As can be seen from the above, the eyeball adsorbing device can generate an adsorbing force to ensure that the relative position between the eyeball and the eyeball adsorbing device remains unchanged, so as to avoid the influence of the change of the relative position caused by the rotation of the eyeball on the therapeutic effect. It should be emphasized that a thin fluid layer may be present between the concave bottom surface of the eyeball adsorbing means and the eyeball, on the one hand, the relative position between the eyeball and the concave bottom surface is kept stable by forming a negative pressure adsorbing force between the concave bottom surface and the eyeball by the sucking operation, and on the other hand, the eyeball is contacted with the thin fluid layer (without directly contacting the eyeball with the concave bottom surface) by the flexibility (elasticity), so that the risk of injury possibly caused by the direct contact of the eyeball with the concave bottom surface can be avoided or reduced.
Therefore, the eyeball adsorbing device provided by the embodiment of the invention can reliably adsorb the eyeball so that the eyeball is kept relatively stable, thereby being beneficial to the treatment operation of the eyeball.
The ocular suction device may be used in different ophthalmic medical applications, for example, in corneal shaping (e.g., corneal cross-linking shaping), or scleral cross-linking, etc.
Embodiments of the present invention will be described below mainly by way of example of shaping the cornea, but it should be understood that the eyeball adsorbing device according to each embodiment of the present invention may be used for applications other than shaping the cornea, which are all within the scope of the present invention.
Alternatively, in any of the embodiments, the ocular suction device may be used for corneal shaping (e.g., corneal cross-linking shaping).
In this way, when the eyeball adsorbing device is used, the lower opening of the outer cylinder body faces the cornea of an eyeball to be adsorbed, the annular lower edge of the outer cylinder body is in contact with the cornea, the concave bottom surface of the inner cylinder body is aligned with the cornea but is not in contact with the cornea, a certain gap (which can be called an attraction gap) is formed between the eyeball adsorbing device and the cornea, an inflow cavity formed between the inner wall of the outer cylinder body and the outer surface of the inner cylinder body is communicated with the gap, an outflow channel starting from the concave bottom surface is also communicated with the gap, so that an internal circulation cavity communicated with each other can be formed between the eyeball adsorbing device and the cornea together, and the whole internal circulation cavity (comprising the inflow cavity, the outflow channel and the attraction gap between the eyeball adsorbing device and the cornea) can be filled with fluid input into the inflow cavity from the inflow opening.
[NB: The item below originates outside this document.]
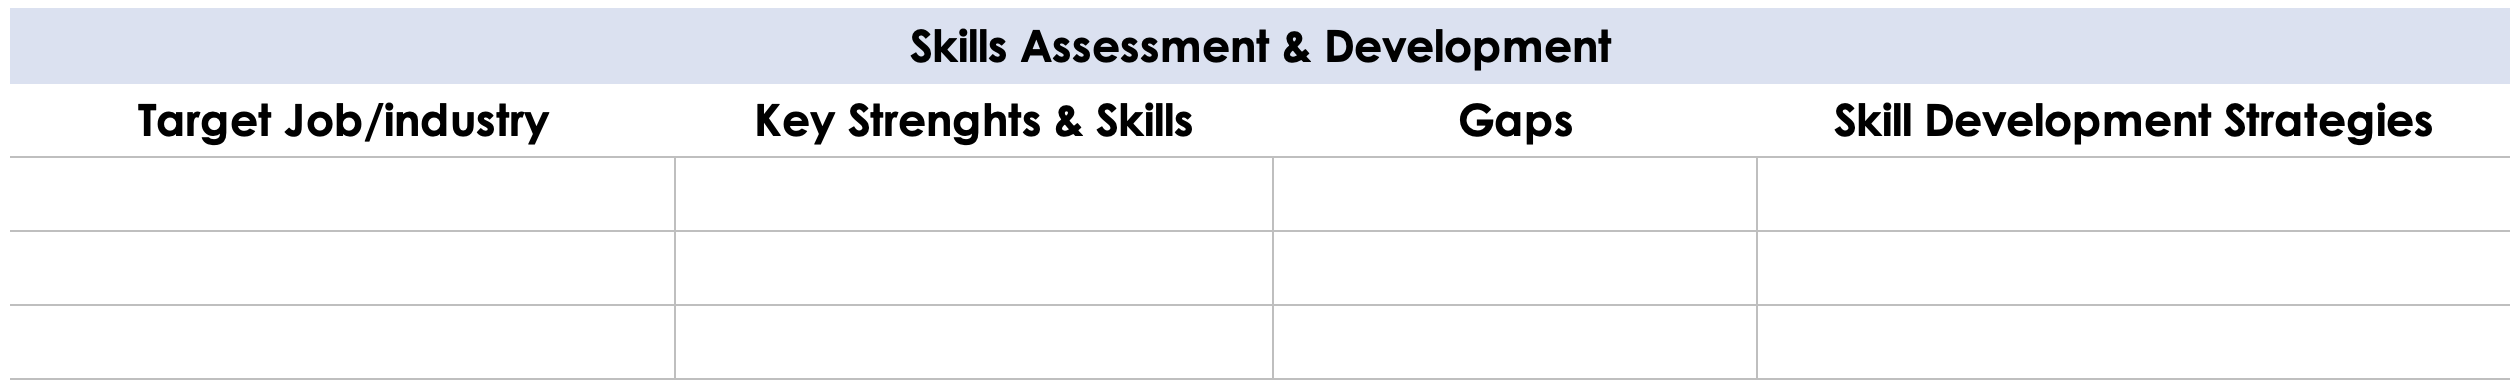 Skills assessment Section in Work Transition Plan Template

When fluid is sucked from the outflow port, the fluid in the internal circulation chamber is sucked from the concave bottom surface via the outflow passage, so that negative pressure is formed at the suction gap between the concave bottom surface and the cornea to suction the cornea toward the concave bottom surface, thereby forming appropriate suction force and shaping force between the cornea and the concave bottom surface of the shaping mold (i.e., the eyeball suction device), whereby it is possible to ensure that the relative position between the cornea and the shaping mold (i.e., the eyeball suction device) remains unchanged, and the cornea can be shaped (e.g., cross-linked shaped) in accordance with a predetermined shape defined by the mold.
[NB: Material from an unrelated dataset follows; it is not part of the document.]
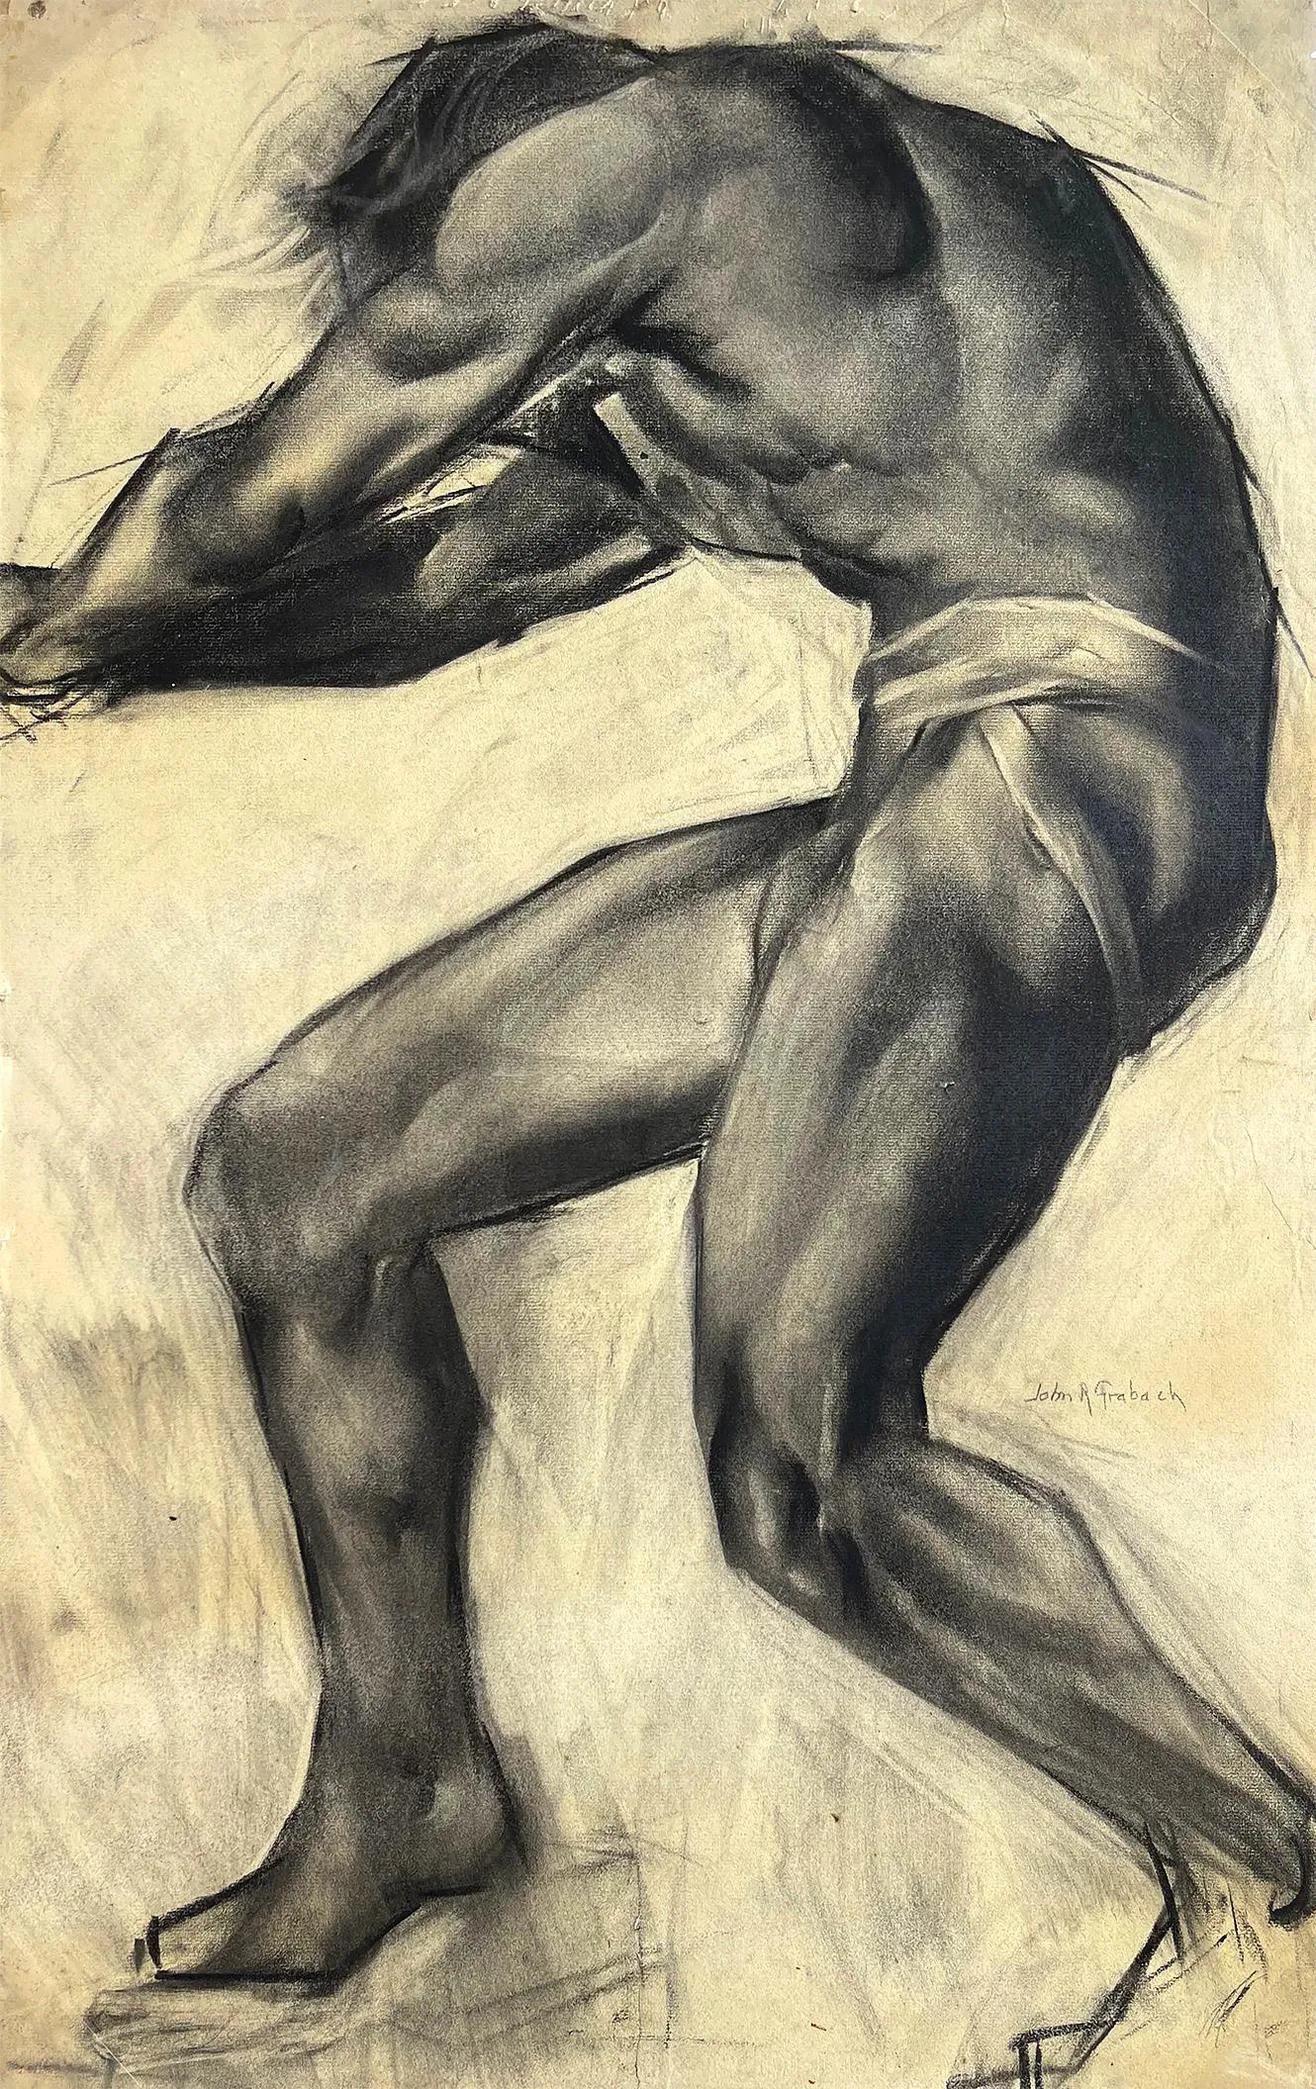 John R. Grabach - Muscular Male Nude with Bulging Muscles Art Deco

As can be seen from the above, by the eyeball adsorbing device, on one hand, the adsorbing force can be generated to ensure that the relative position between the cornea and the molding die is kept unchanged, so as to avoid the influence on the treatment effect caused by the reduction of the molding precision due to the change of the relative position caused by the rotation of the eyeball, thereby maintaining the molding force on the cornea to ensure the cornea molding effect, and on the other hand, the proper small molding acting force can be formed by the negative pressure suction between the cornea and the molding die, and no large positive pressure is required to be applied to the eyeball from the die as in the prior art, thereby reducing the risk of the rise of the intraocular pressure due to the high pressure on the premise of ensuring the sufficient molding acting force.
Optionally, in any embodiment, the eyeball adsorbing device is used for scleral crosslinking.
Preferably, in any embodiment, the inlet is provided on a side wall of the outer cylinder. Therefore, the position of the inlet can be conveniently selected in a larger range of the side wall of the outer cylinder body according to actual conditions, so that the actual operation is facilitated.
Alternatively, in either embodiment, the inlet port may be provided at the upper/top end of the outer barrel.
Optionally, in any embodiment, the inlet is aligned with an upper end of the inlet chamber. In this case, the inlet is approximately flush with the upper end of the inflow cavity, so that the eyeball adsorbing device is convenient to manufacture and mold.
Optionally, in any embodiment, the inlet is higher than the upper end of the inlet chamber. In case the inlet is higher than the upper end of the inlet chamber, the risk of reverse backflow of fluid, in particular liquid, in the inlet chamber can be reduced based on the action of gravity.
Alternatively, in any embodiment, the inlet port may be lower than the upper end of the inlet chamber.
Optionally, in any embodiment, the inlet communicates with the inlet chamber via an inlet passage.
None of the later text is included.